En 20 mois à Downing Street, leur successeur Rishi Sunak, cinquième Premier ministre conservateur depuis 2010, n'est jamais parvenu à redresser la barre dans l'opinion.
L'ancien banquier d'affaires et ministre des Finances de 44 ans avait tenté un coup de poker en convoquant ces élections en juillet sans attendre l'automne comme beaucoup le pensaient, mais sa campagne a été calamiteuse.
Face à la défaite inévitable, son camp en était réduit ces derniers jours à mettre en garde sur le risque d'une "super majorité" laissant le Labour sans contre-pouvoirs.

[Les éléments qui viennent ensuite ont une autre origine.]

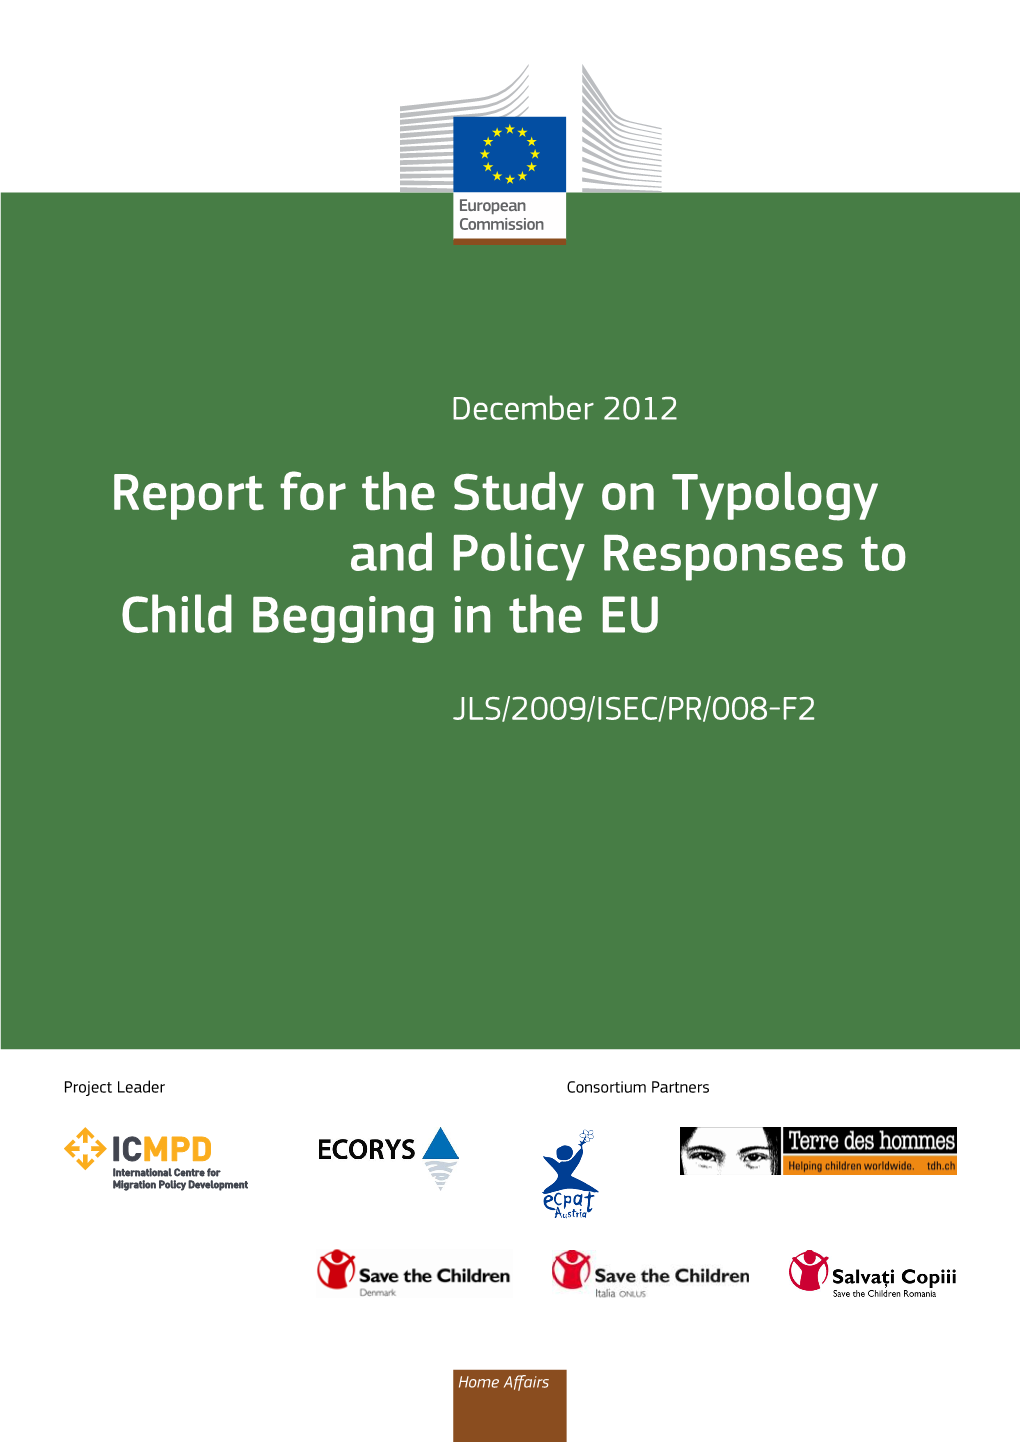 European Commission, Report for the Study on Typology and Policy Responses to Child Begging In

En face, Keir Starmer a mis en avant ses origines modestes - mère infirmière et père outilleur - contrastant avec son adversaire multimillionnaire, et promis le retour de la "stabilité" et du "sérieux", avec une gestion des dépenses publiques très rigoureuse.
- Sommet de l'Otan -
Peu charismatique mais déterminé, il promet de transformer le pays comme il a redressé le Labour après avoir succédé au très à gauche Jeremy Corbyn, le recentrant sans état d'âme sur le plan économique et luttant contre l'antisémitisme.
Il assure vouloir relancer la croissance, redresser les services publics, renforcer les droits des travailleurs, réduire l'immigration et rapprocher le Royaume-Uni de l'Union européenne -- sans revenir sur le Brexit, sujet tabou de la campagne.
Dès la semaine prochaine, le nouveau Premier ministre, qui devrait dans l'ensemble poursuivre la politique étrangère britannique actuelle, fera ses premiers pas sur la scène internationale à l'occasion du sommet des 75 ans de l'Otan à Washington.